→ **GOAL OF THE EXERCISE**
Would you return the listing that follows exactly, leaving its pictures behind?

→ **GIVEN INFORMATION**
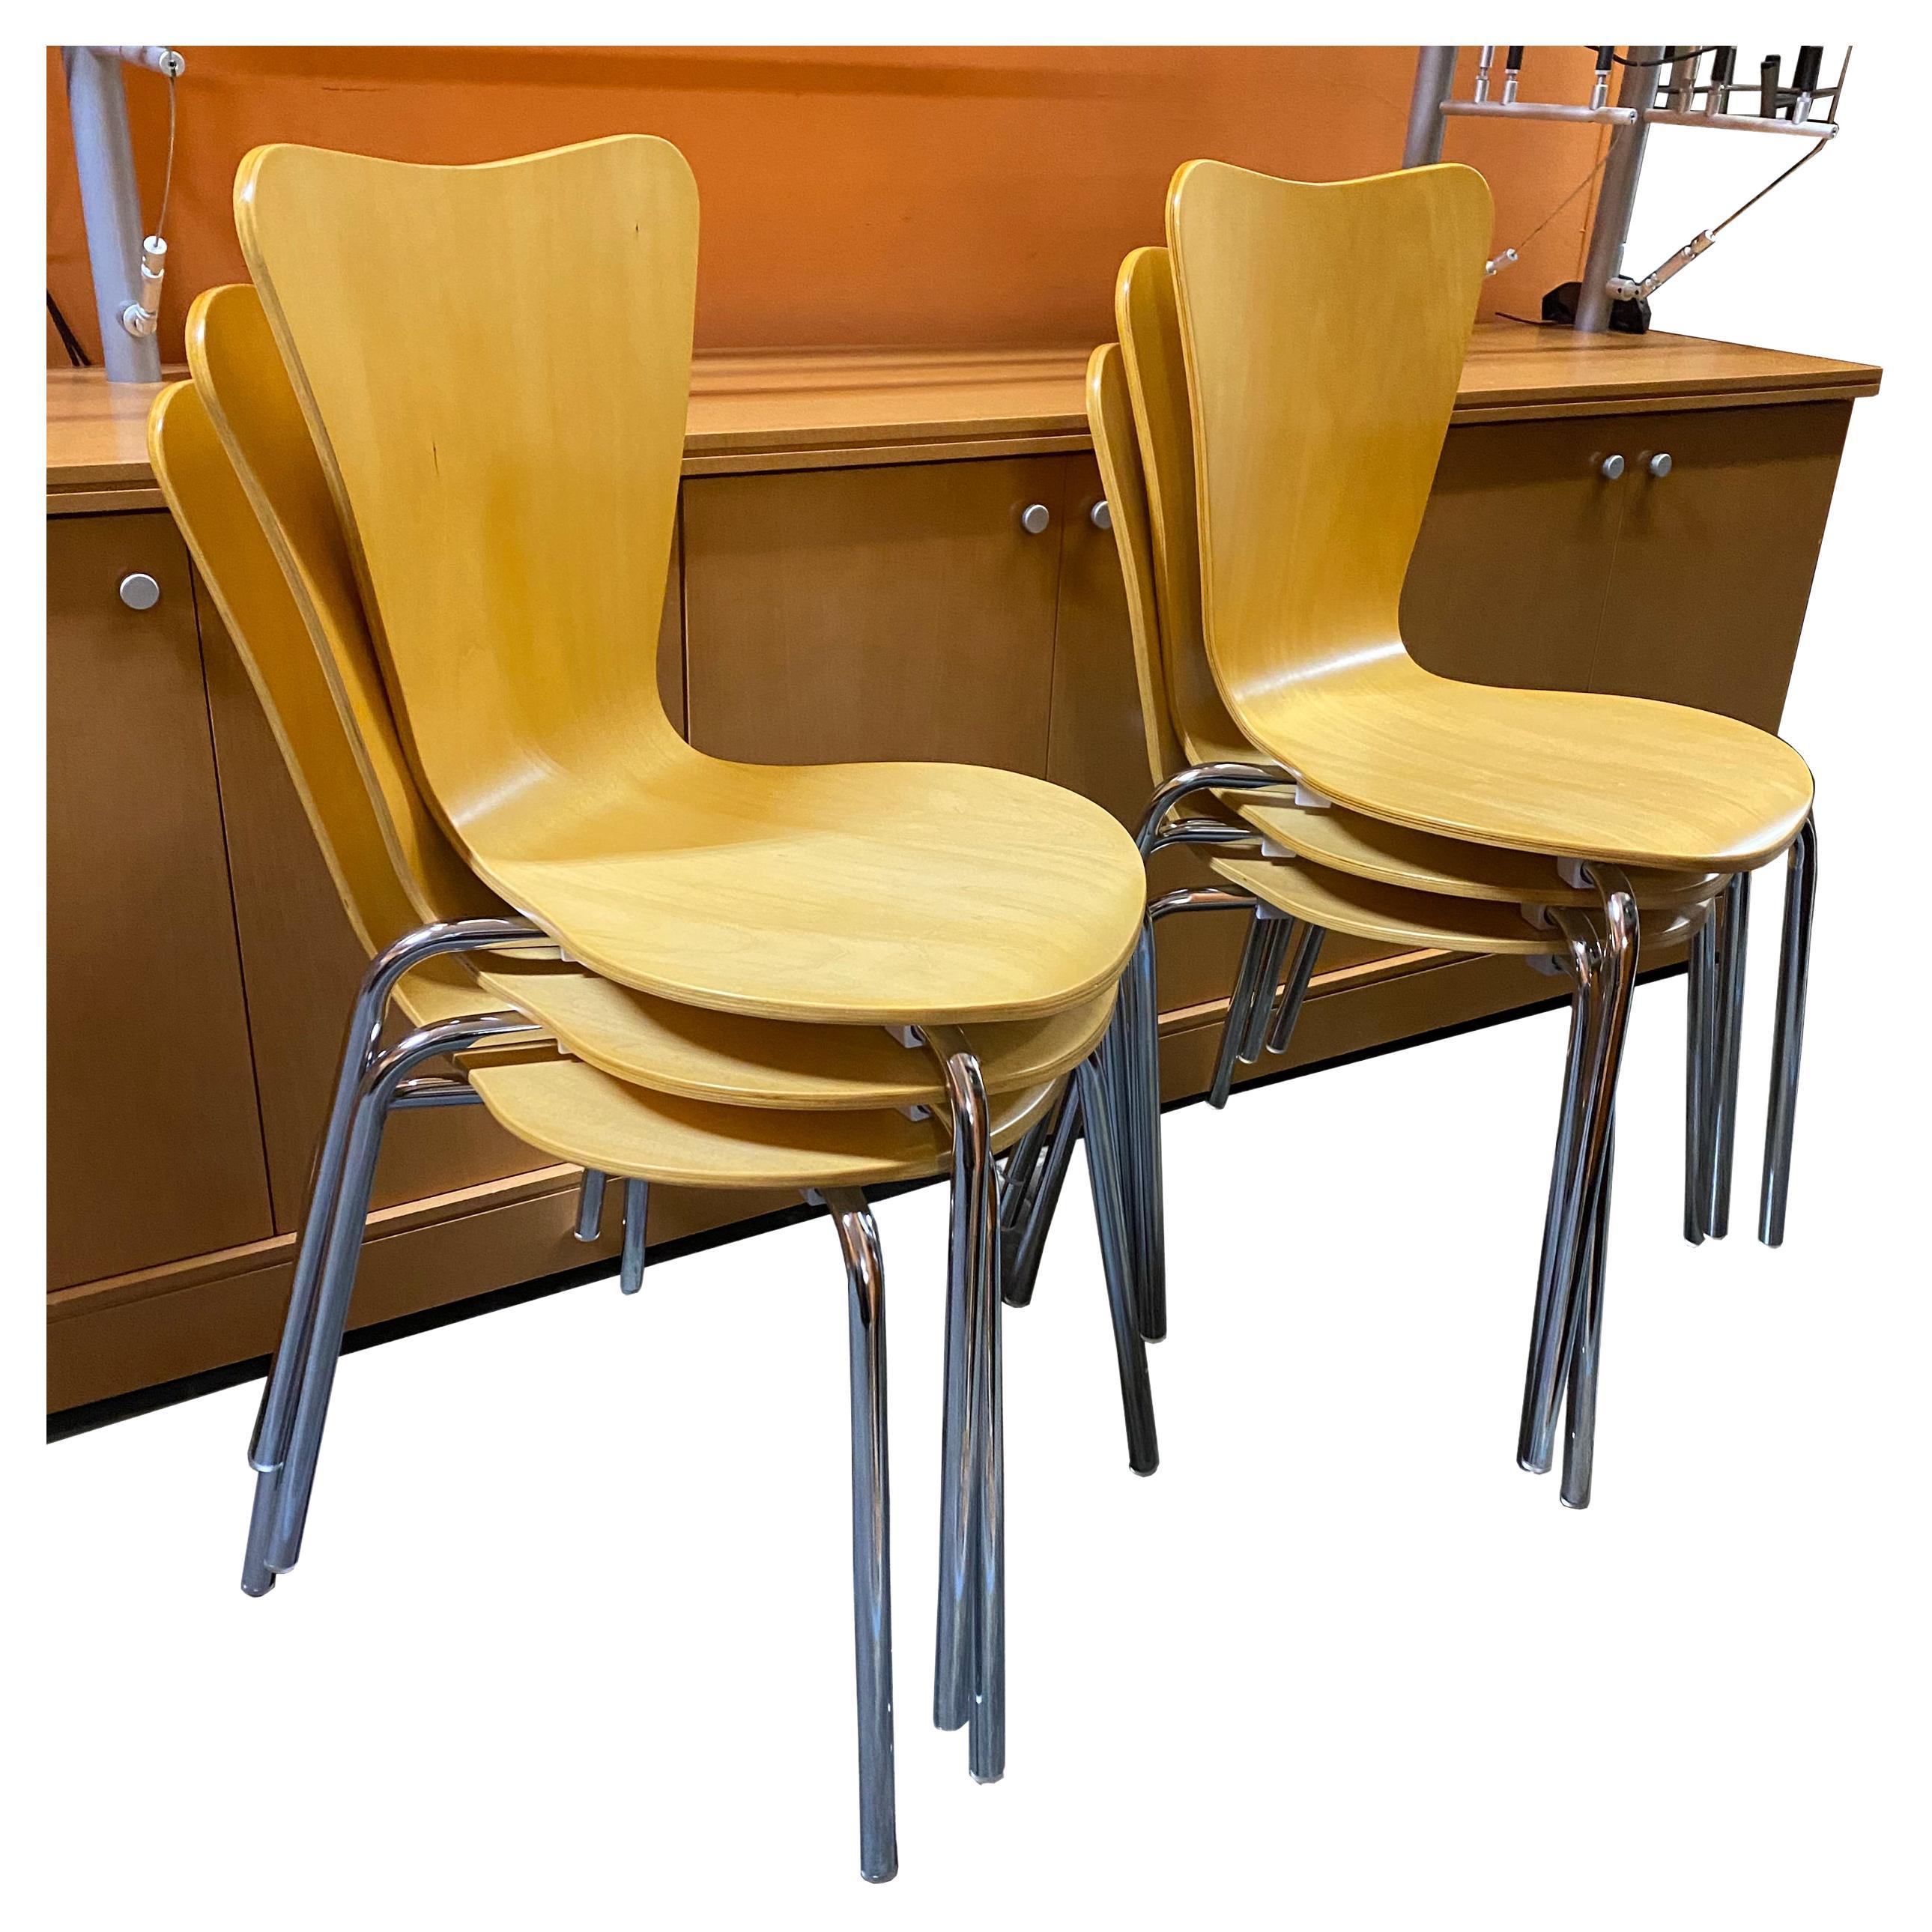 KFI Stackable side chair

Contemporary molded dining chair with steel frame. Polyurethane glides to help protect floors from damage. Stacks 5 high for easy storage and transportation.

20 available.
Overall Dimensions: 18

→ **TASK RESULT**
 KFI Stackable side chair

Contemporary molded dining chair with steel frame. Polyurethane glides to help protect floors from damage. Stacks 5 high for easy storage and transportation.

20 available.
Overall Dimensions: 18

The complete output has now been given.